In deze zaak, behandeld door de Rechtbank Zeeland-West-Brabant, is op 29 december 2023 een beschikking gegeven in een rekestprocedure betreffende een voorlopige zorg- en contactregeling voor de minderjarigen [minderjarige 1] en [minderjarige 2]. De man, vertegenwoordigd door advocaat mr. M.M.M. Minkels, verzoekt om een uitbreiding van de contactregeling met zijn kinderen, terwijl de vrouw, vertegenwoordigd door advocaat mr. W.C.G.M. van Hoof, zich verzet tegen deze uitbreiding. De rechtbank heeft eerder in een beschikking van 25 mei 2022 al een contactregeling vastgesteld, maar de situatie is sindsdien veranderd door de inzet van hulpverlening en de communicatieproblemen tussen de ouders.

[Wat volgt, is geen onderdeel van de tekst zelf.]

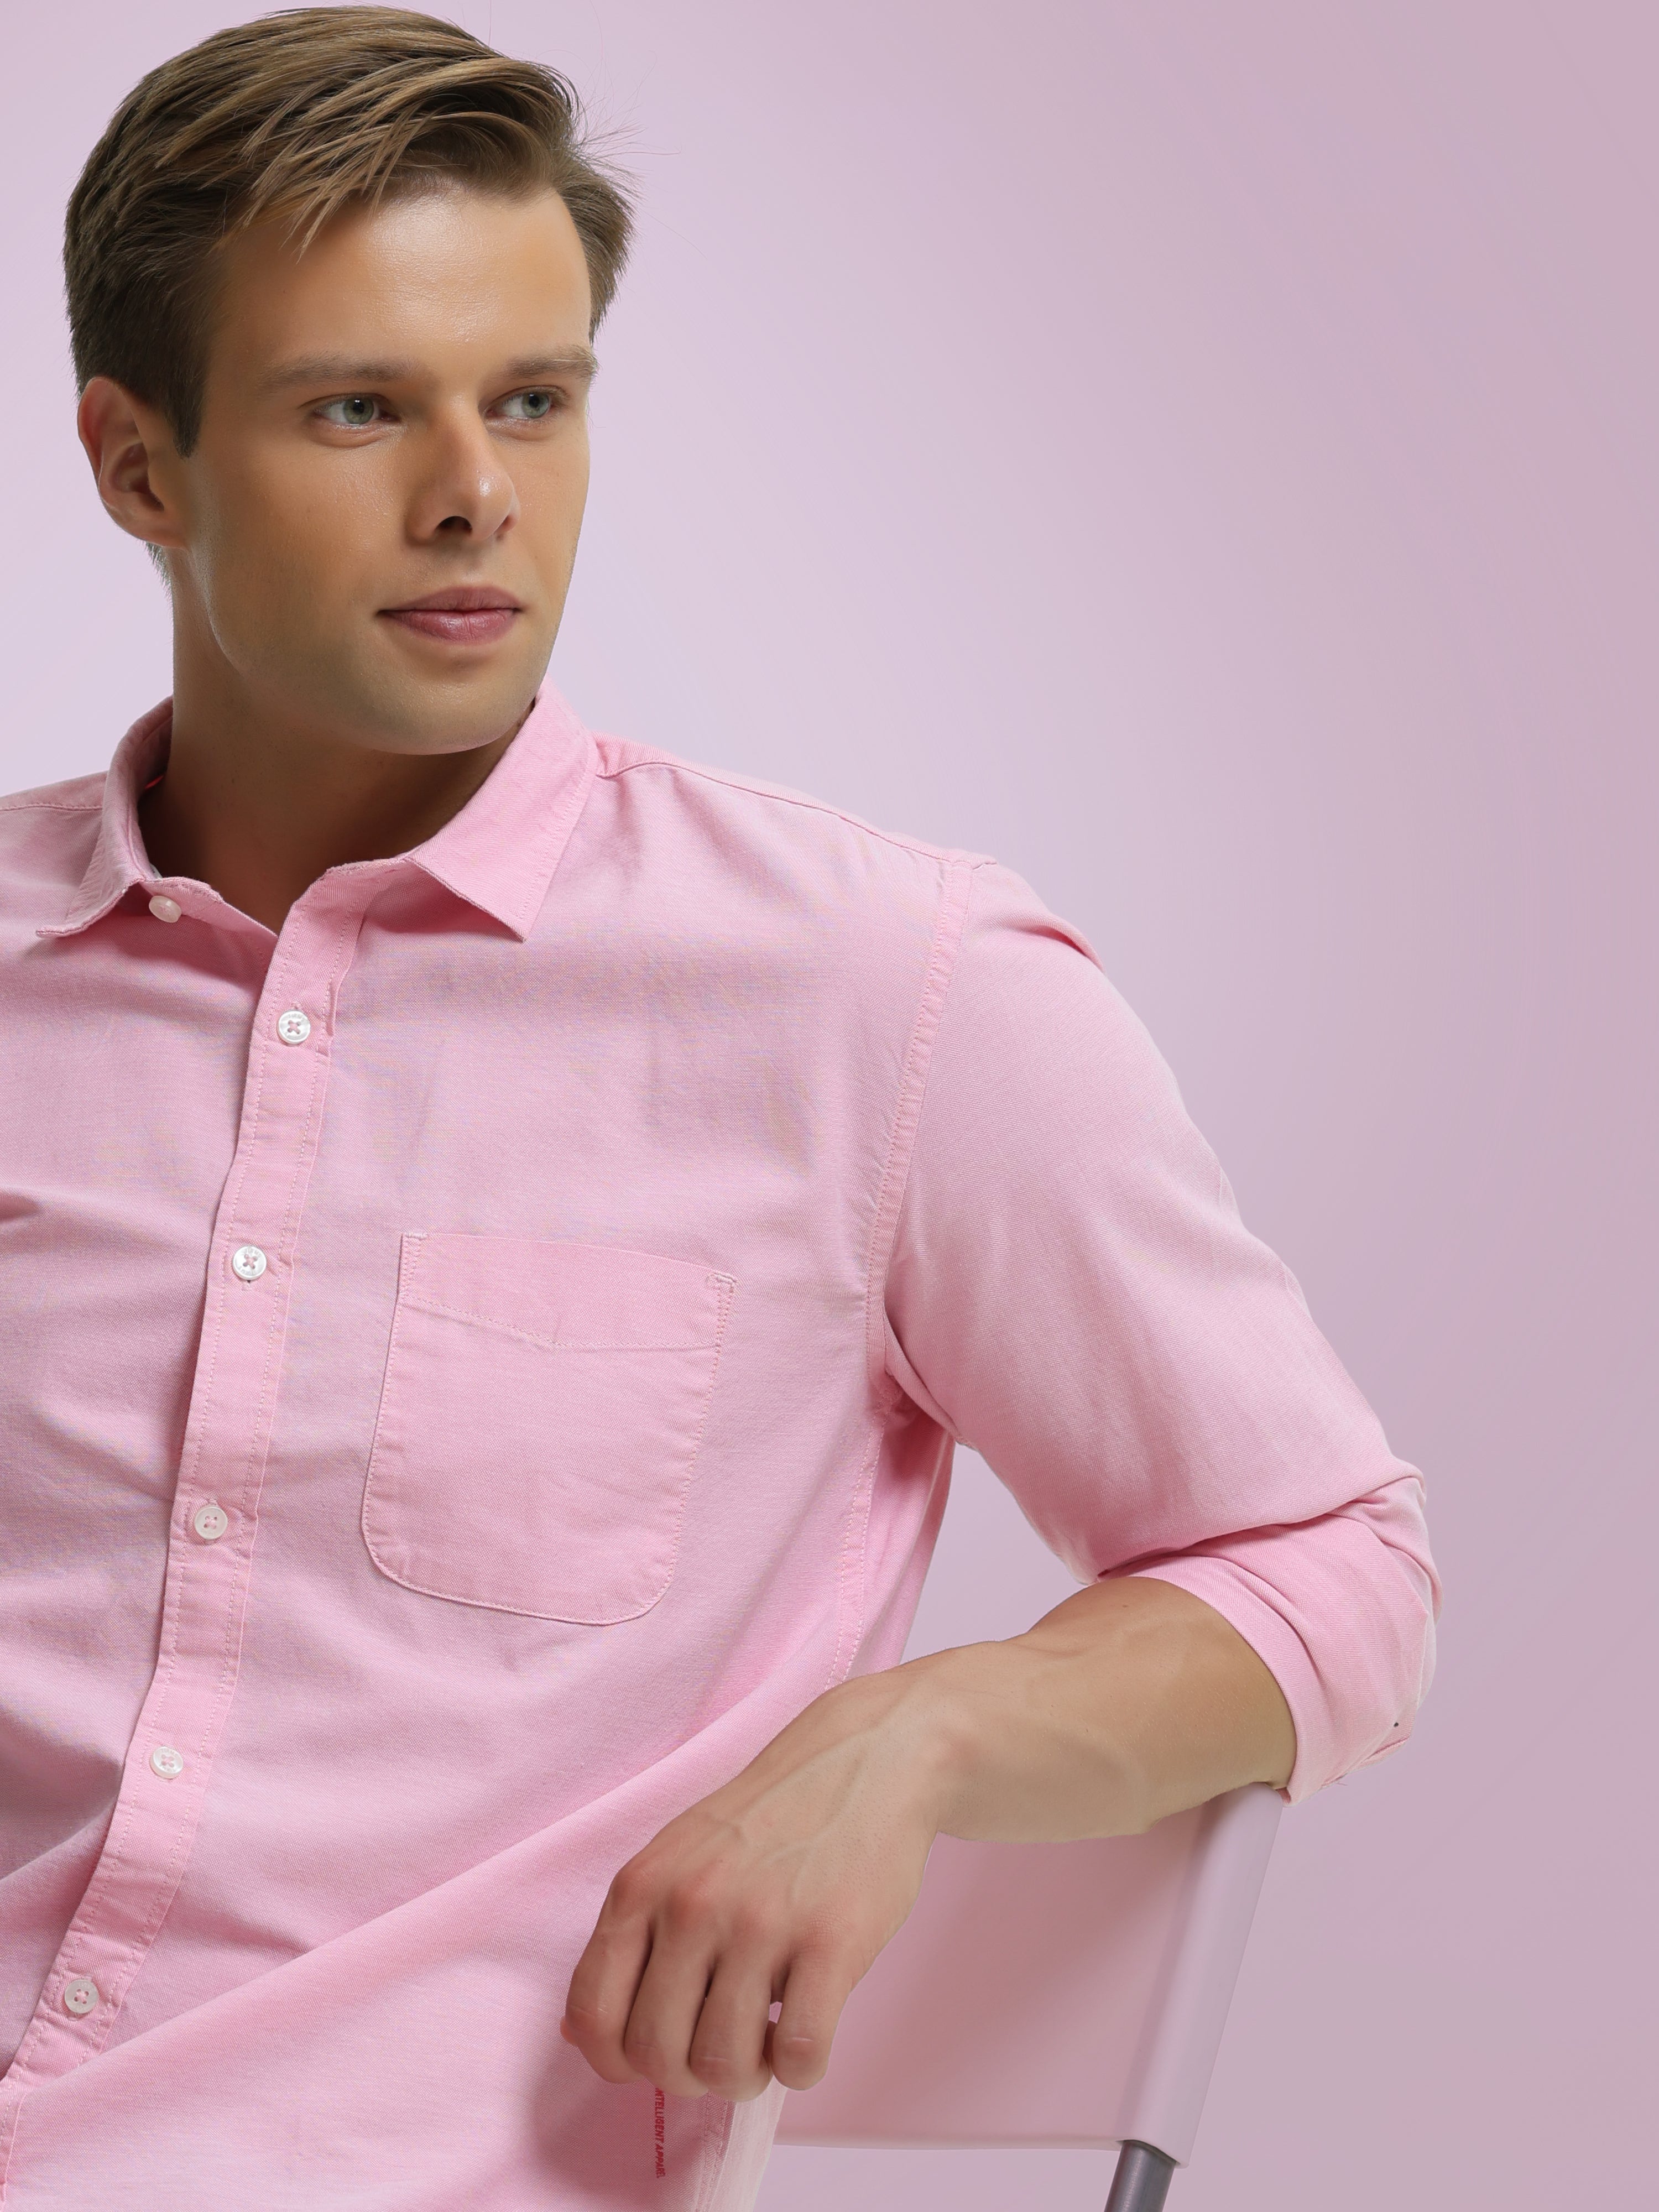 Turms Flamingo Pink Men's Shirt - Intelligent Apparel

Tijdens de mondelinge behandeling op 19 december 2023 is de mening van [minderjarige 1] gehoord, die aangaf meer contact met de man te willen. De Raad voor de Kinderbescherming heeft geadviseerd om de contactregeling uit te breiden, maar de rechtbank oordeelt dat er momenteel onvoldoende basis is voor een wijziging van de regeling, gezien de slechte communicatie tussen de ouders en de noodzaak voor hulpverlening. De rechtbank heeft de zaak aangehouden voor de duur van negen maanden, waarbij de GI (gecertificeerde instelling) de regie zal voeren over de contactmomenten.
De rechtbank heeft besloten dat de huidige contactregeling, die minimaal is, moet worden gehandhaafd en dat de GI de mogelijkheden voor uitbreiding van het contact zal onderzoeken. De rechtbank heeft ook een ondertoezichtstelling uitgesproken voor de duur van een jaar, om de situatie van de kinderen te monitoren en te verbeteren. De beslissing is genomen in het belang van de kinderen, waarbij de rechtbank de communicatieproblemen tussen de ouders als een belangrijke factor heeft meegewogen.